In trying to reduce their future housing costs, therefore, younger generations face a battle –against both public policy and public and private propaganda. The only response is to organize, hold out, don’t overpay, and re-imagine and reorganize more places into the kind of places that can be afforded. And in the mean time live with others rather than alone – with your family if you have a good one located where you want to be, with friends otherwise – to keep housing costs down.
The likely direction of the battle was summed up in this Boston Globe article based on this paper. “Basically, we have mismatch, with an epic number of Baby Boomers, numerically the largest generation in history, heading into retirement and looking to sell their homes. But there is a dearth of 30-to 45-year-old buyers available or even interested in moving on up into these big Boomer suburban palaces. The numbers, as Lucy lays them out, are startling. There are now five homeowners 55 and older for each potential first-time buyer between 30 and 44. That's a 5-to-1 ratio today, compared to 3.5-to-1 in 2000 and 3-to-1 in 1990.” And the older sellers are richer than the younger potential buyers.
The Globe doesn’t’ think suburban housing prices will collapse. “Aging Boomer homeowners hold the trump card here – they don't necessarily have to sell and won't unless they get a price they like. Instead, Lucy sees a future where the housing market is far less fluid than it has been in years past. Hence his prediction we were entering the ‘Fix-Up, Remodel, Expand and Condominium Era.’ Instead of settling for long commutes to bigger homes in the outer suburbs, the up-and-coming generation of buyers in their 30s and 40s is more likely to prefer the convenience of the inner suburbs, even if that means fixing up an older home or buying a condo.”

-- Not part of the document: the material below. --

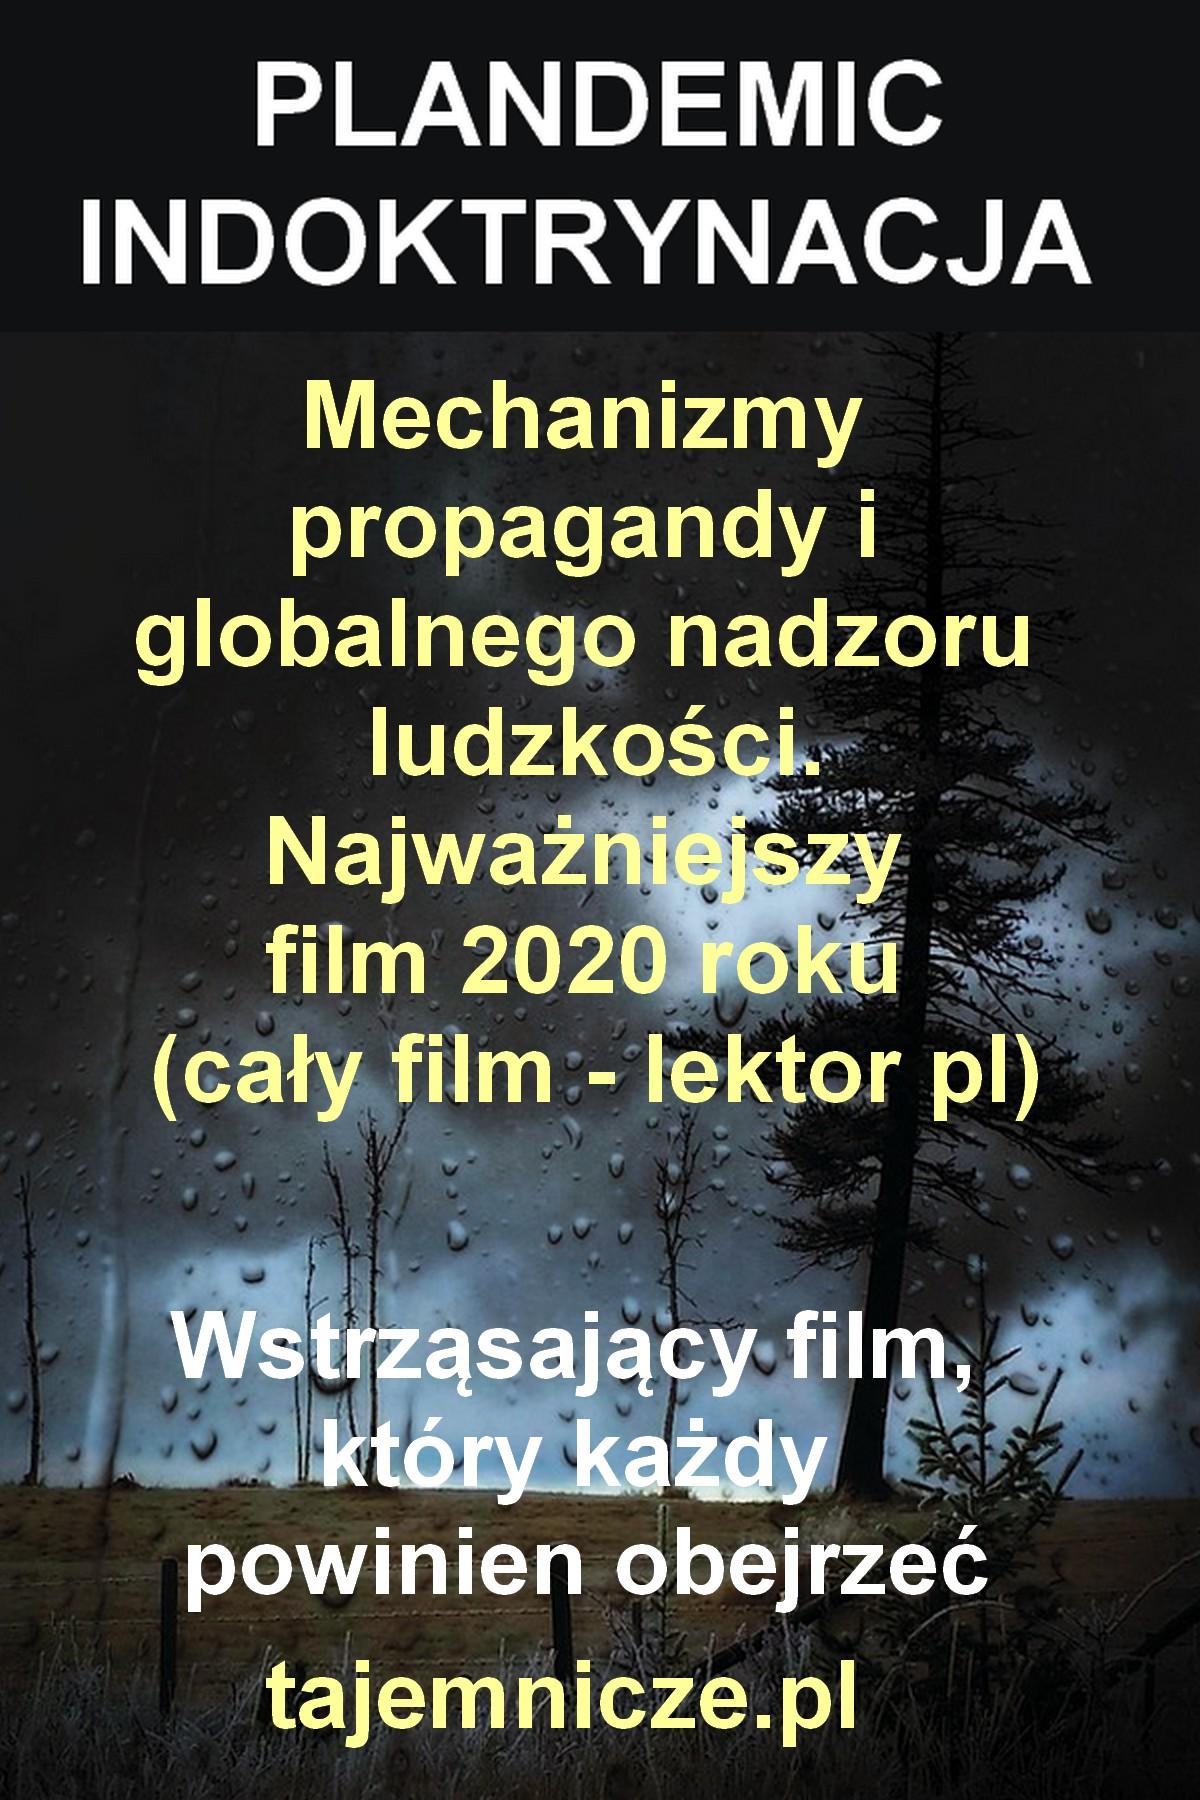 tajemnicze.pl-plandemic-indoktrynacja-film-caly

There you have it. Of course even if they do not choose to sell, the aging suburban homeowners will eventually pass on. And if their heirs (or lenders) are elsewhere, they may want to dump the property. The bottom line is, communities are going have to figure out ways to become cheaper and economically viable places to live for the younger generations that older generations have impoverished, or become NORCs (naturally occurring retirement communities) and then declining rapidly as prior generations pass on. Eventually, some of them will have to deal. And some of the cities will have to deal too, perhaps exempting new housing or even new people from the burdens of the past to avoid being abandoned, as New York City did when it exempted new housing development from property taxes in the 1970s.
Not buying an existing house unless and until it hurts for someone to sell it is the only trump card younger generations have. They should not give it up lightly. And they should ignore social pressure to have, maintain and operate more square footage than the really need, in far out locations where they will lose lots of gas money out of their pockets and hours and hours out of the their lives on the road.